TASK OBJECTIVE
Copy the lines below verbatim. Begin with the first and end with the line containing "Top 10 Tiệm".

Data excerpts

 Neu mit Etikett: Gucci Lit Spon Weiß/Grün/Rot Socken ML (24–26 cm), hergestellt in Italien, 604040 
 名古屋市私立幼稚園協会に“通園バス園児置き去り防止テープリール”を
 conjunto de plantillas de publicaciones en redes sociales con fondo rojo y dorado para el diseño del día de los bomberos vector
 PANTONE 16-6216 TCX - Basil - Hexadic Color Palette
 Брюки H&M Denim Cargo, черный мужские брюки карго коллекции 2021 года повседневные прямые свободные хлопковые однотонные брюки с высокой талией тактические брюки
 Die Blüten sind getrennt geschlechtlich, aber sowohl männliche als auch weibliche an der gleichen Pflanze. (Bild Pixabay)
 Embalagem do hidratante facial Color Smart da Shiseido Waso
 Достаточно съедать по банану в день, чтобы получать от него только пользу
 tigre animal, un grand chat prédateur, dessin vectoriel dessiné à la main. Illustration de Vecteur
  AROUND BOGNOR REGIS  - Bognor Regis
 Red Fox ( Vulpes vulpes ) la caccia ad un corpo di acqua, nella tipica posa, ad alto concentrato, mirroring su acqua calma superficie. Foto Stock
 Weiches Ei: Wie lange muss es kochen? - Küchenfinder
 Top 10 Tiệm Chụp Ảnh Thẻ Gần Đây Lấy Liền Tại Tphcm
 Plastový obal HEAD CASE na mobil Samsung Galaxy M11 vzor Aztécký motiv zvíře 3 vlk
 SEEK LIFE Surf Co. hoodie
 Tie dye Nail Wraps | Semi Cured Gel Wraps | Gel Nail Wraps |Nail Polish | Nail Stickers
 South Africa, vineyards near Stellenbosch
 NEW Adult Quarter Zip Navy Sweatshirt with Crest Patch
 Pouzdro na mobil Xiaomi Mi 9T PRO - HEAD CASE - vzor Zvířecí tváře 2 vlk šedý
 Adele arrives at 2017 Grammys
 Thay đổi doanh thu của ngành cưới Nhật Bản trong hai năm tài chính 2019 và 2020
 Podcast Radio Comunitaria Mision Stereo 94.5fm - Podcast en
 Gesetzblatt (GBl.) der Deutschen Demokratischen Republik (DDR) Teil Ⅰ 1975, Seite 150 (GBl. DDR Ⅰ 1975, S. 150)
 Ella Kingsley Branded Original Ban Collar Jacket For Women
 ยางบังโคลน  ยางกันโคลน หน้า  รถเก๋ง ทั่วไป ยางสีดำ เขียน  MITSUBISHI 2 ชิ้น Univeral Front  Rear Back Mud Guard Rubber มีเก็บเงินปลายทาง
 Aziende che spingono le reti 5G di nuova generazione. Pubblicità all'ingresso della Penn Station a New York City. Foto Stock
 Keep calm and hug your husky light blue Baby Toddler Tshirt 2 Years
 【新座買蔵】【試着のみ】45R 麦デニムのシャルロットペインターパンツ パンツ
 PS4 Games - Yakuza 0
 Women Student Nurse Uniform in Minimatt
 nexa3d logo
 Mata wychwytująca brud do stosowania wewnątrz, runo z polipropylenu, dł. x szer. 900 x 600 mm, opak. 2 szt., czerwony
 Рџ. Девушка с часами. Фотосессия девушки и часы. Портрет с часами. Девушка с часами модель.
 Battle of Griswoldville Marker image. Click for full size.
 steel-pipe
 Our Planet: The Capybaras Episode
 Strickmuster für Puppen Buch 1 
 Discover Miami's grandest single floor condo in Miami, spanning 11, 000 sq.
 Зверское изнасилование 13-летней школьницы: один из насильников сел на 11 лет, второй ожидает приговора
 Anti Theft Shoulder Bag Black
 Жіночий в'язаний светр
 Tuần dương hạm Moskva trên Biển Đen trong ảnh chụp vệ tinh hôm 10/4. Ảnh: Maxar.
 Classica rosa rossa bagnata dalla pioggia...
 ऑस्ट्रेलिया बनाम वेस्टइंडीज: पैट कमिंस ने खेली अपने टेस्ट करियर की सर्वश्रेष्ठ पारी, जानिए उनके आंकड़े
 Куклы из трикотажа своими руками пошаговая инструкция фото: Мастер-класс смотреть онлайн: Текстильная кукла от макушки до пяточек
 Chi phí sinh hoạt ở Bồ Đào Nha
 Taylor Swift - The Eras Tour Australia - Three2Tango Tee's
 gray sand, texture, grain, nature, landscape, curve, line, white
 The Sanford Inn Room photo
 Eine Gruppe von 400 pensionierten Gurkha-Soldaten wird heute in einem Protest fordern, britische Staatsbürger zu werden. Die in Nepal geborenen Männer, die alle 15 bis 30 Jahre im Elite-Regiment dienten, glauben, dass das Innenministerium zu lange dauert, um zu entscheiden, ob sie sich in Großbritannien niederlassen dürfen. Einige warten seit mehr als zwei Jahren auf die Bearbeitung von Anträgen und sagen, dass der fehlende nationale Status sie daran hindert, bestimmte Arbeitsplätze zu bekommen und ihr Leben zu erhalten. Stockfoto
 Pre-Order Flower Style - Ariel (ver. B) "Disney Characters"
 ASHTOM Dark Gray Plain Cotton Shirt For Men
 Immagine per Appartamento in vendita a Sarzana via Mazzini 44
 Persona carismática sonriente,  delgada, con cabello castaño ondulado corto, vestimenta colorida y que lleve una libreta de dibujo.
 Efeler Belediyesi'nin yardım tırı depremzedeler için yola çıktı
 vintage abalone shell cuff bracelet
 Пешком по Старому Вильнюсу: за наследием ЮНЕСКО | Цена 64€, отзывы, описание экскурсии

WRITTEN SOLUTION
 Neu mit Etikett: Gucci Lit Spon Weiß/Grün/Rot Socken ML (24–26 cm), hergestellt in Italien, 604040 
 名古屋市私立幼稚園協会に“通園バス園児置き去り防止テープリール”を
 conjunto de plantillas de publicaciones en redes sociales con fondo rojo y dorado para el diseño del día de los bomberos vector
 PANTONE 16-6216 TCX - Basil - Hexadic Color Palette
 Брюки H&M Denim Cargo, черный мужские брюки карго коллекции 2021 года повседневные прямые свободные хлопковые однотонные брюки с высокой талией тактические брюки
 Die Blüten sind getrennt geschlechtlich, aber sowohl männliche als auch weibliche an der gleichen Pflanze. (Bild Pixabay)
 Embalagem do hidratante facial Color Smart da Shiseido Waso
 Достаточно съедать по банану в день, чтобы получать от него только пользу
 tigre animal, un grand chat prédateur, dessin vectoriel dessiné à la main. Illustration de Vecteur
  AROUND BOGNOR REGIS  - Bognor Regis
 Red Fox ( Vulpes vulpes ) la caccia ad un corpo di acqua, nella tipica posa, ad alto concentrato, mirroring su acqua calma superficie. Foto Stock
 Weiches Ei: Wie lange muss es kochen? - Küchenfinder
 Top 10 Tiệm Chụp Ảnh Thẻ Gần Đây Lấy Liền Tại Tphcm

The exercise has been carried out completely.